▸ Given data
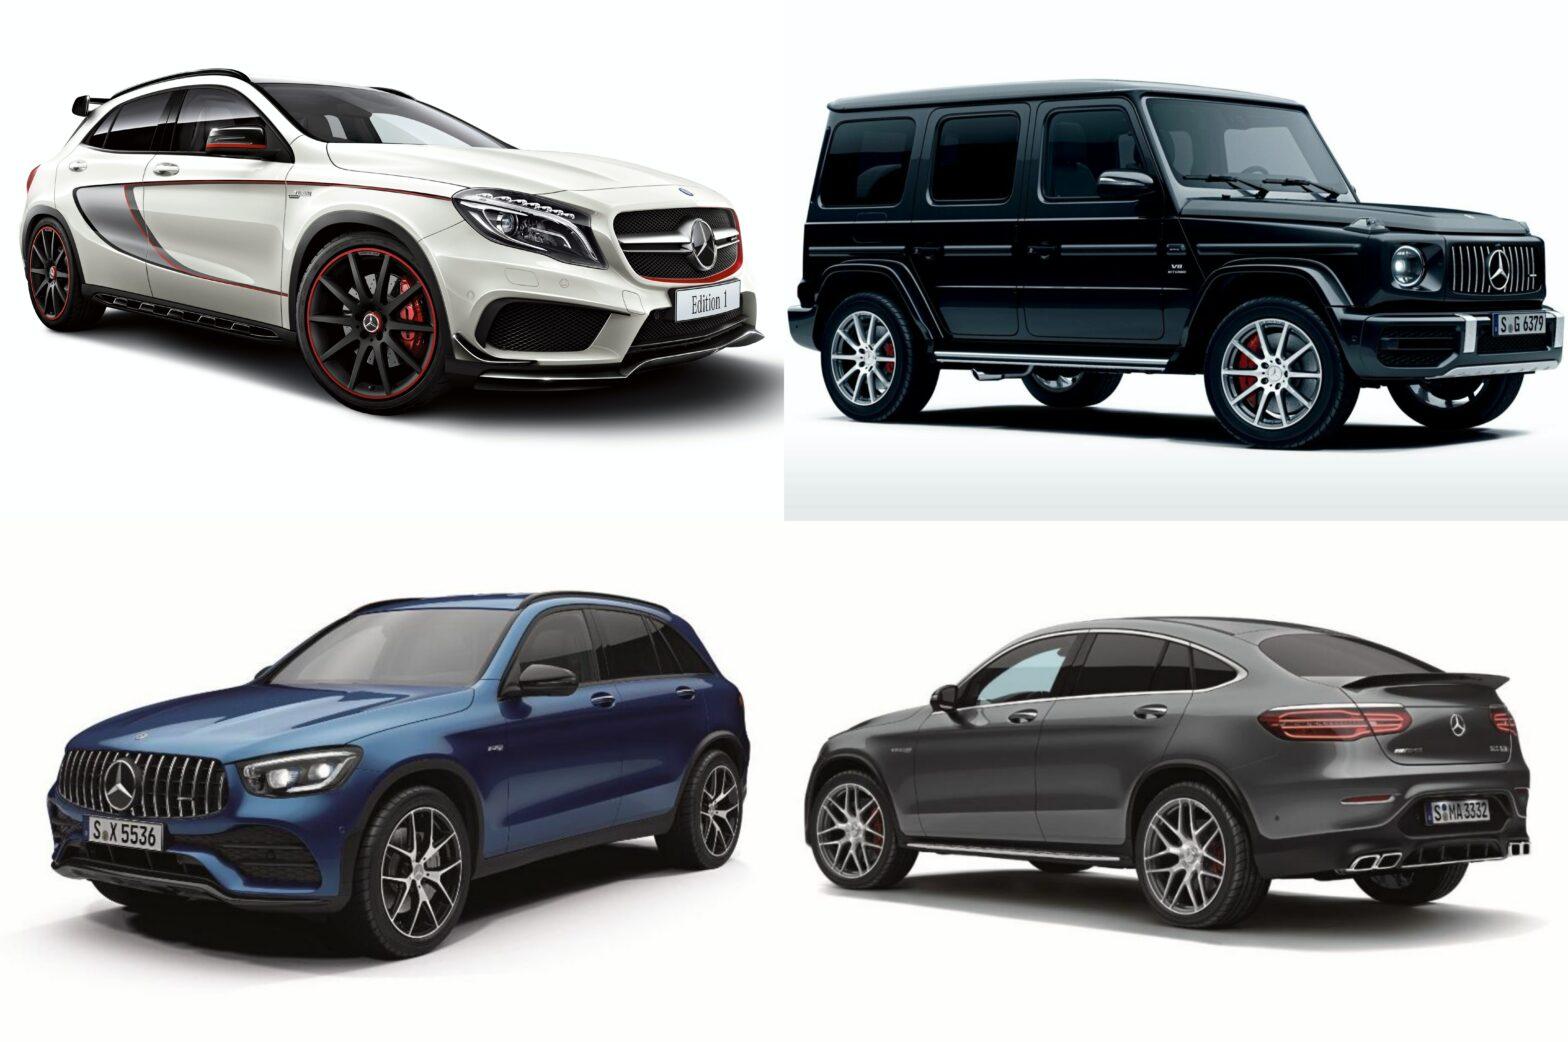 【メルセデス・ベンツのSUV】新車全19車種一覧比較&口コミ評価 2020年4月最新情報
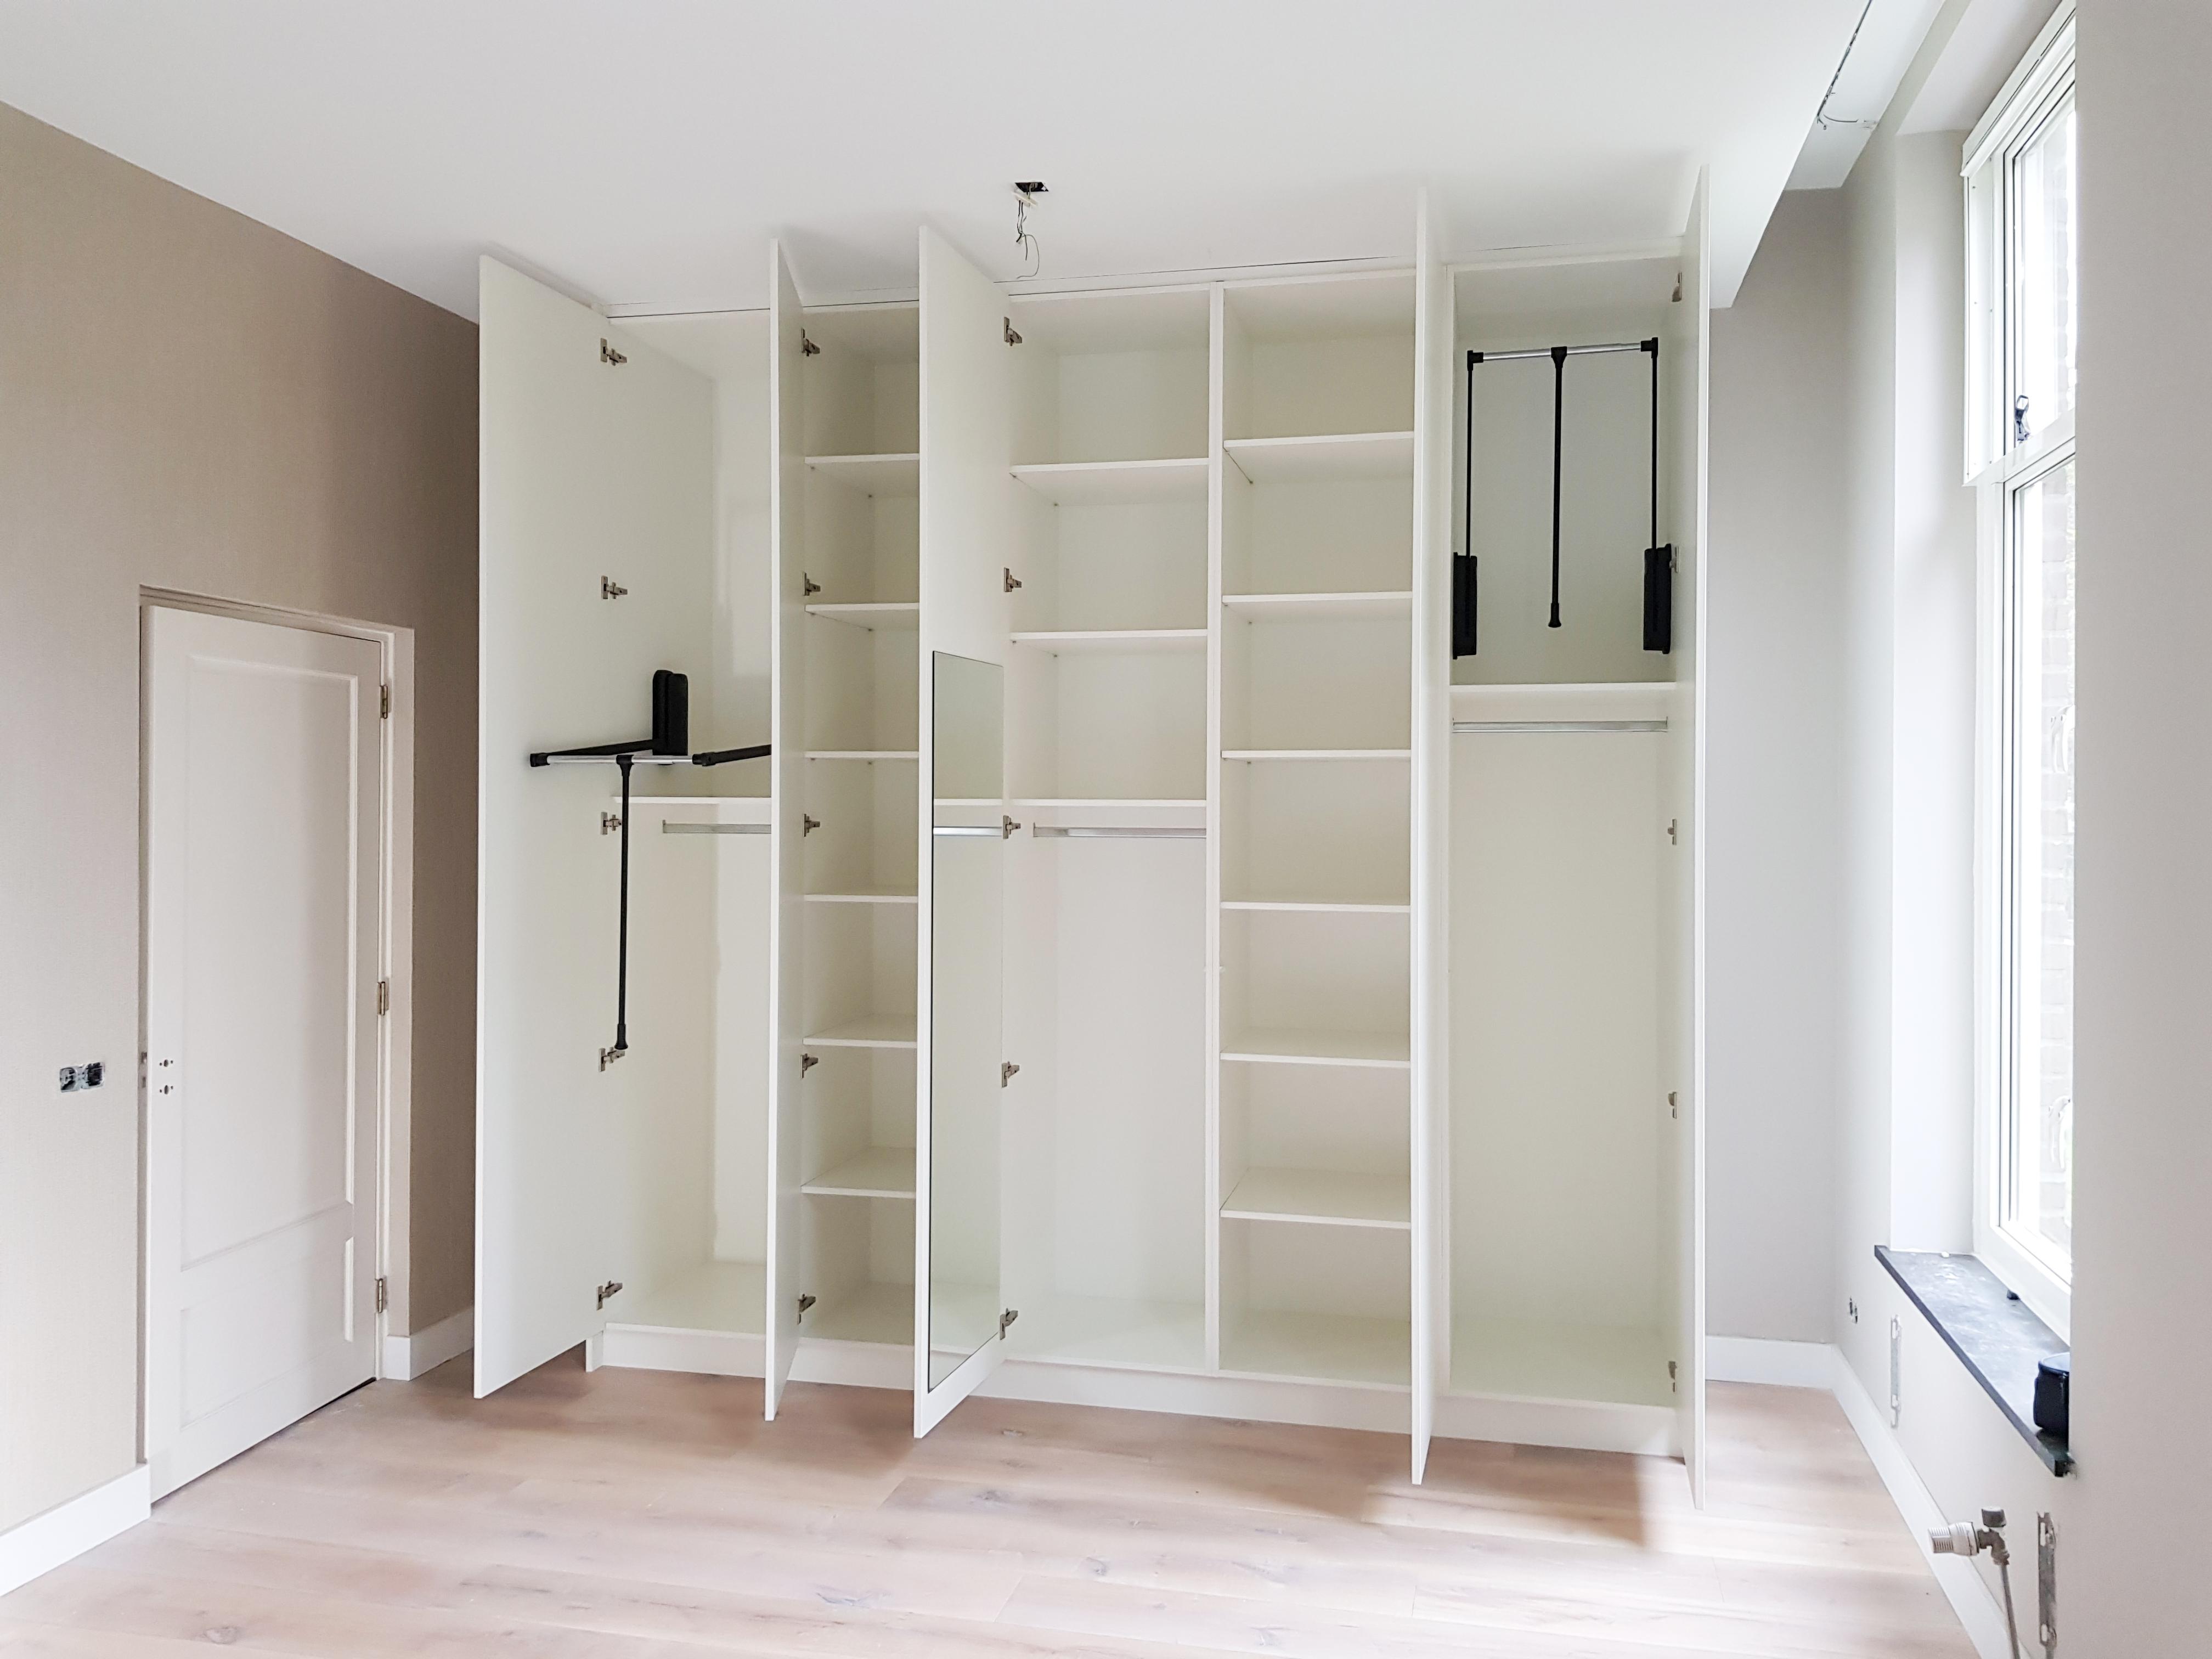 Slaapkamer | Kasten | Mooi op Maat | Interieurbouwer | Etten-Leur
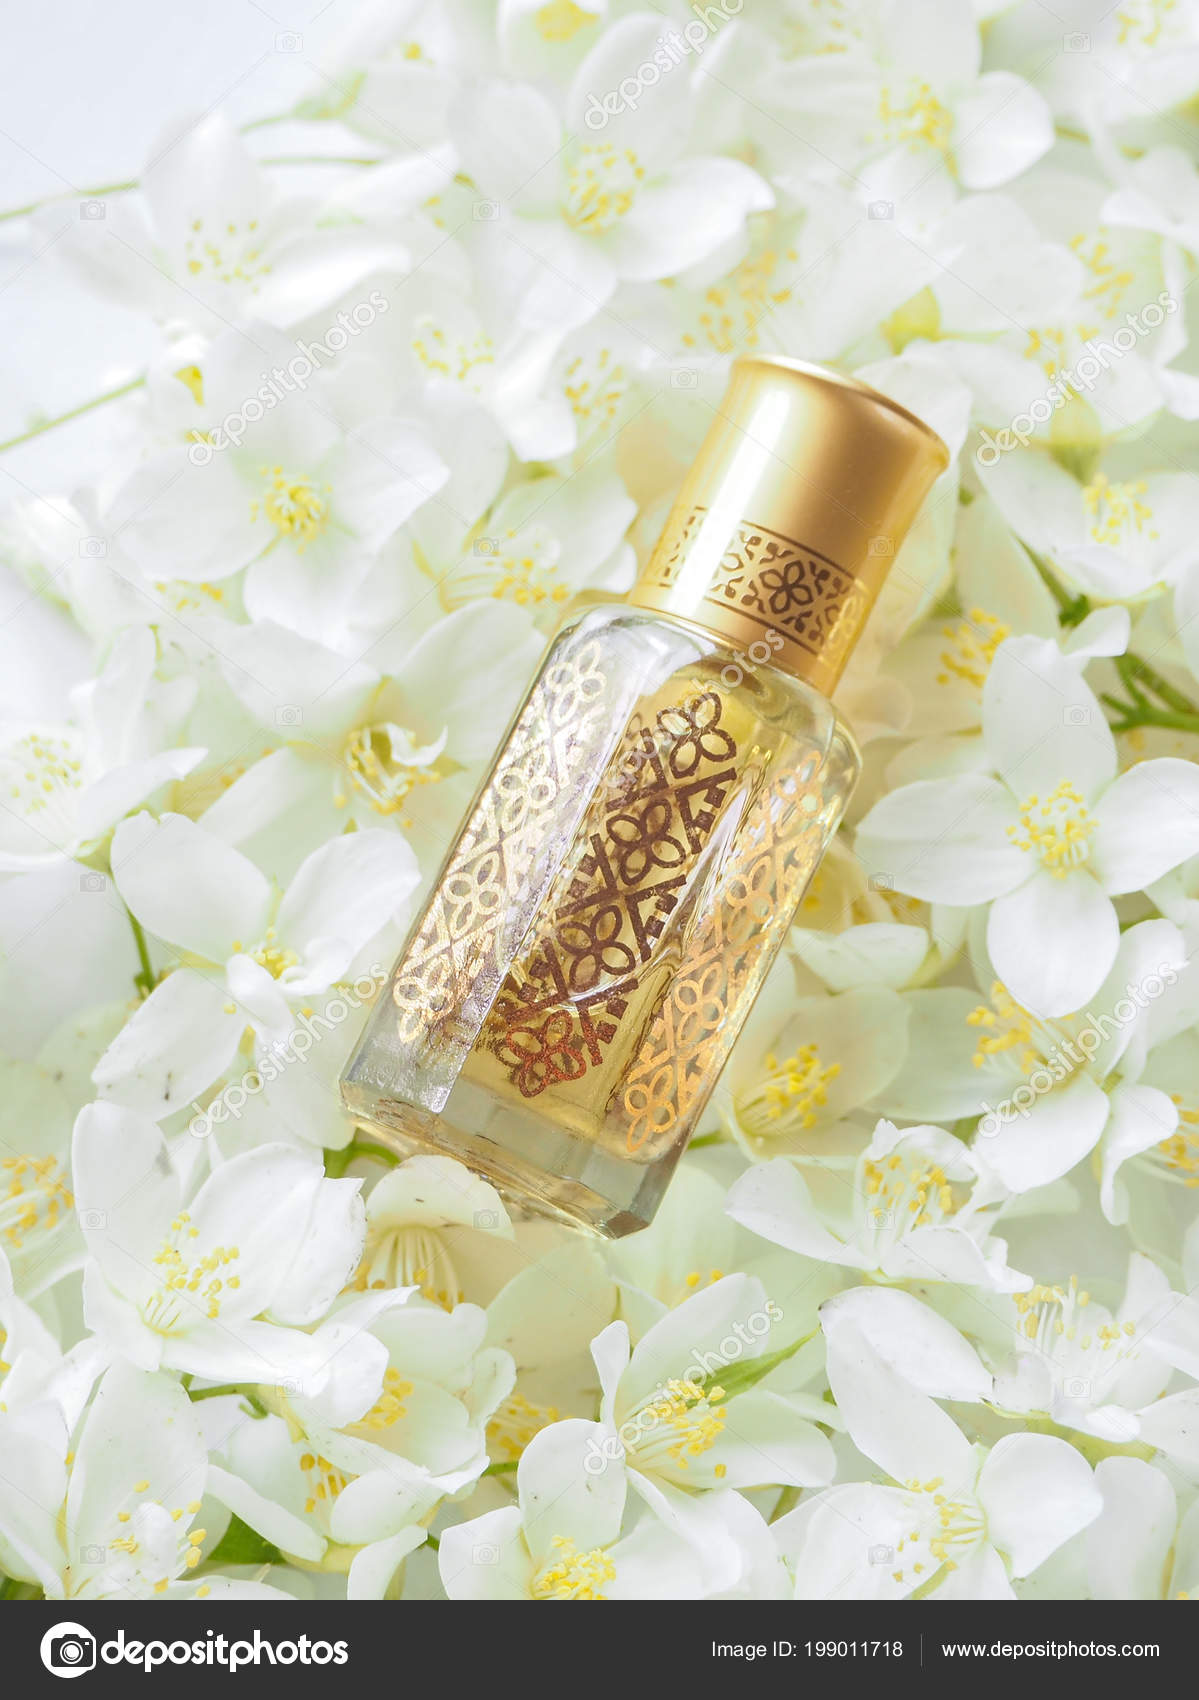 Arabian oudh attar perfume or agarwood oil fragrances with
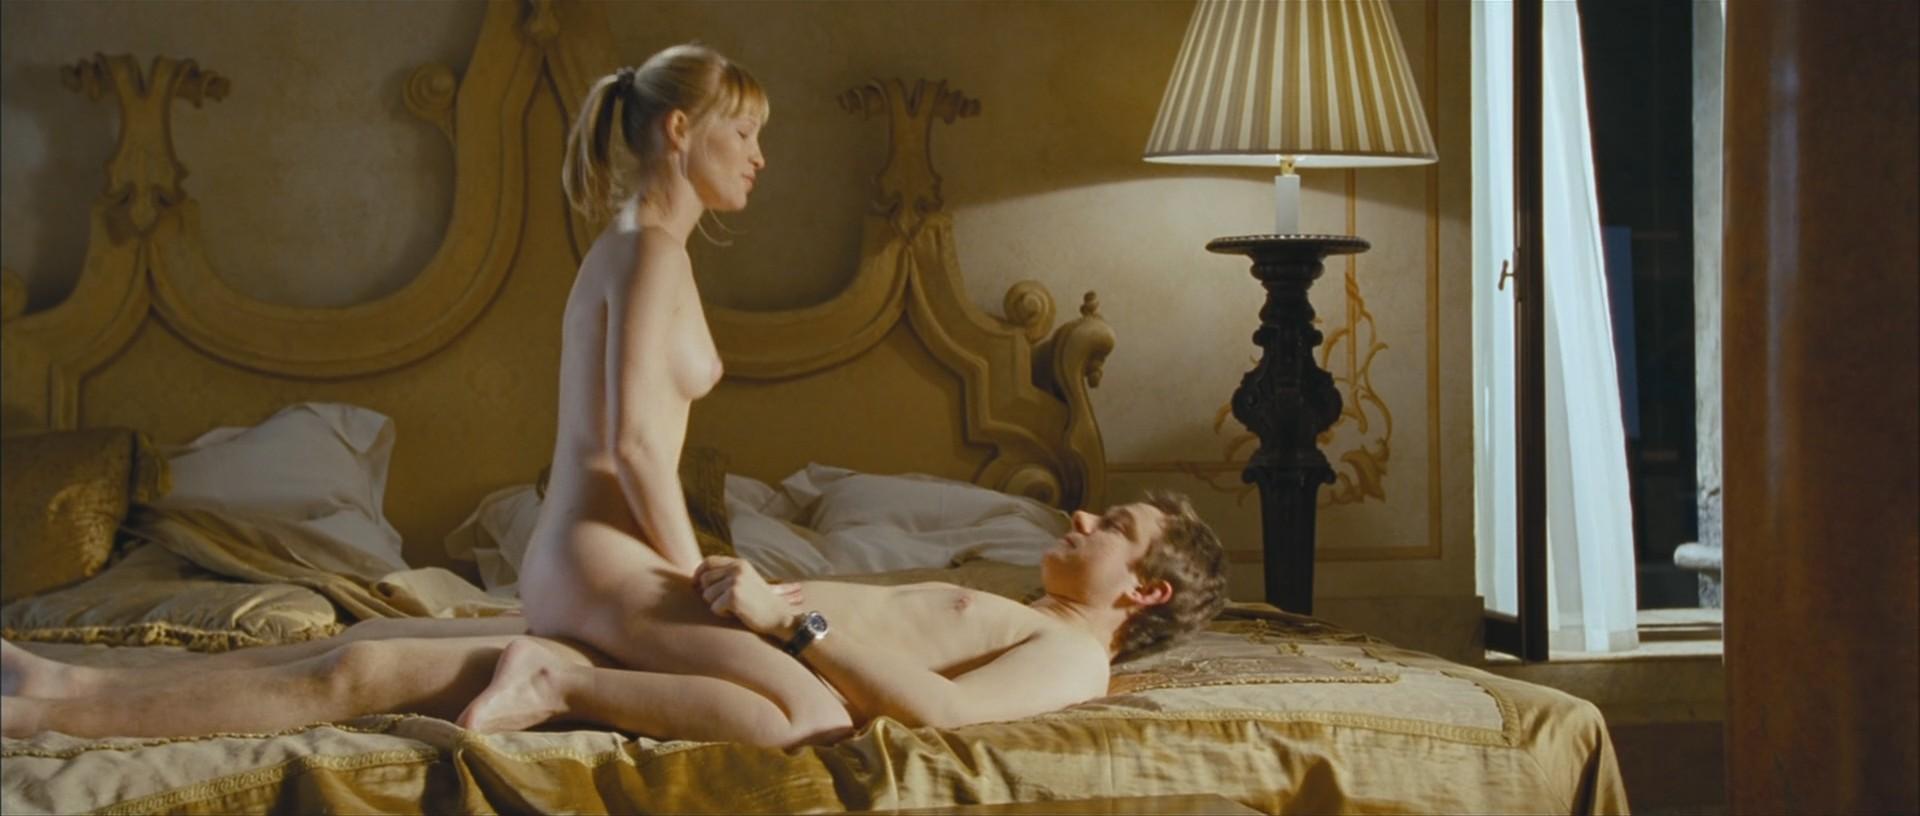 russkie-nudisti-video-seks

▸ Description of the task
Extract the full listing exactly, with the pictures left out.

▸ Response to the exercise
 【メルセデス・ベンツのSUV】新車全19車種一覧比較&口コミ評価 2020年4月最新情報
 Slaapkamer | Kasten | Mooi op Maat | Interieurbouwer | Etten-Leur
 Arabian oudh attar perfume or agarwood oil fragrances with
 russkie-nudisti-video-seks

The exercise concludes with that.